Is it possible make a file in BED-like format in such a way that each row of data represents a region of the genome and then have different columns to specify the length, the GC content, the DNA methylation, the nucleosome occupancy, Nucleosome Repeat Length and as many features as one could gather, of each region? (if anyone could suggest other features, that would be great)
I ask this with the intention of trying to apply machine learning algorithms to try to predict genomic features.
If it is possible how would I go about collecting the data from different GEO datasets such that each data point that I collected was aligned with the region of DNA that it was supposed to be characterising....
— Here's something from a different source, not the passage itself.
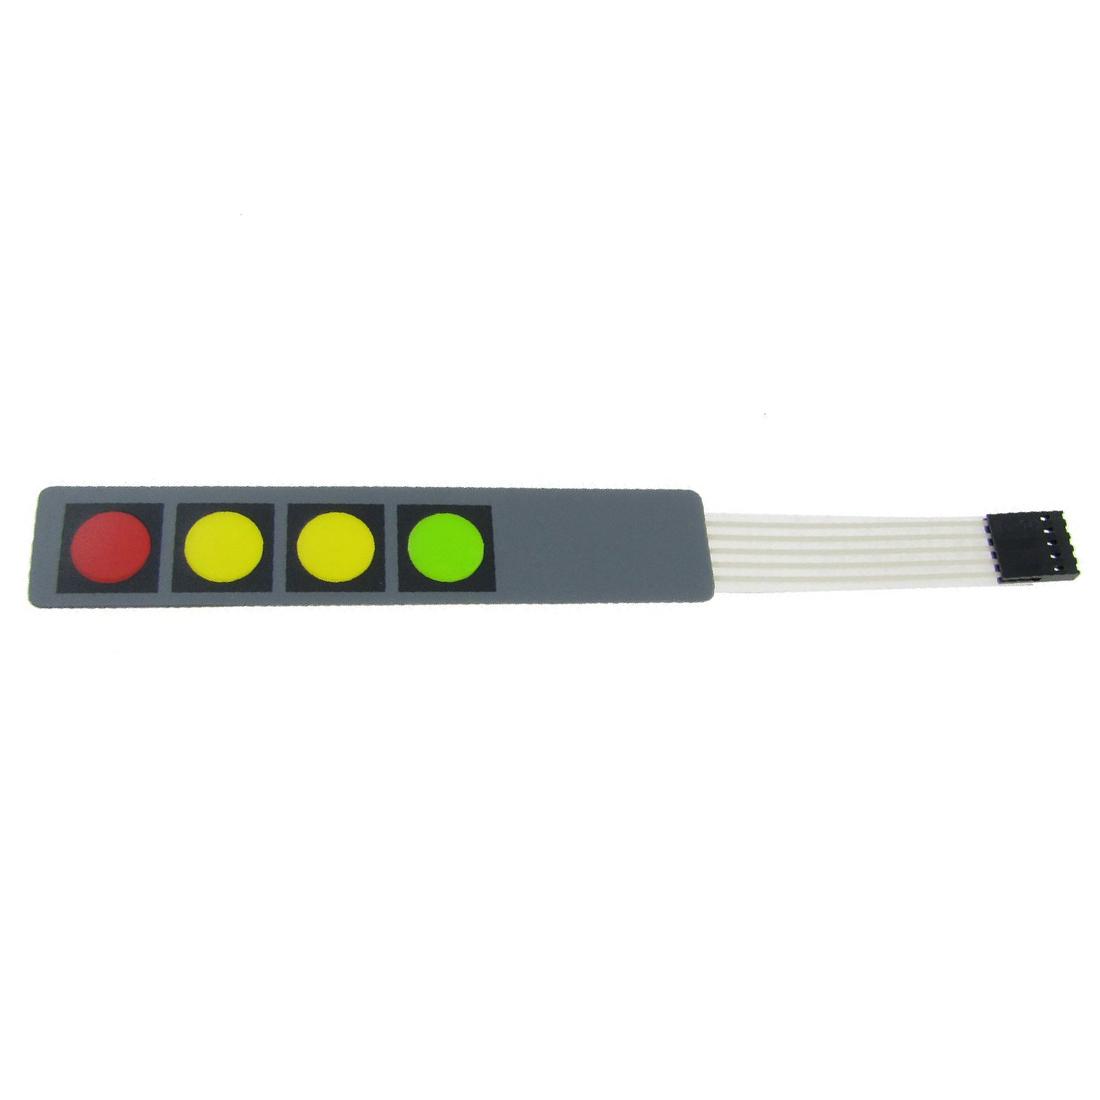 12V-1x4-4-Key-Matrix-MembraneSwitch-Keypad-Keyboard107x20x08mm.jpg
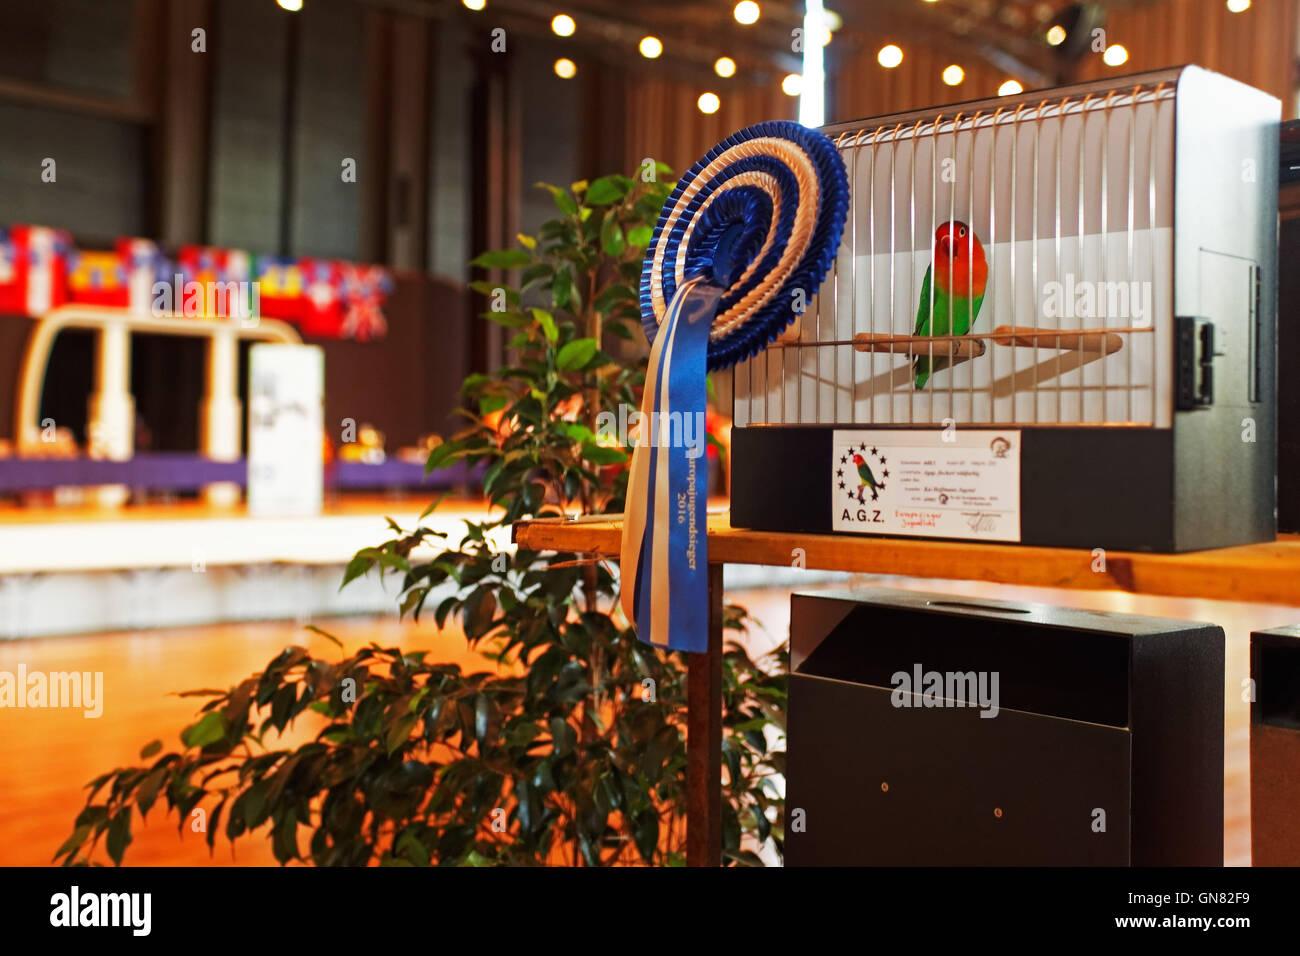 AZ Europa Championat, Karlsruhe, Baden-Württemberg, Deutschland - Stock Image

I have two bed files one specifies the NRL of a set of regions the other returns the 'mappability' of these regions they are organised as follows:
head(file1)
chr start end mappability
chr1 3000066 3000100 1.0000
chr1 3000100 3000130 0.5000
chr1 3000130 3000199 0.0625
chr1 3000199 3000277 0.0500
head(file2)
chr start end NRL
chr1 3000000 3000067 250
chr1 3000067 3000079 300
chr1 3000079 3000084 200
chr1 3000084 3000099 130
So I am wondering if someone can help me with an R-script to parse these files such that I can make a new file that contains the overlapping regions between each start and end specifying columns and keep the features that pertain to each of the original files...
So I would want my output to be something like this:
head(files_merged)
chr overlap mappability NRL GC_content more_features...... chr1 start-end 1.0000 250 chr1 start-end 0.5000 300 chr1 start-end 0.0625 200
I can see (obviously) how my plan is flawed in that the regions specified in one file could be much smaller than those in another. Hence what I am also open to suggestions as to a better way to do this?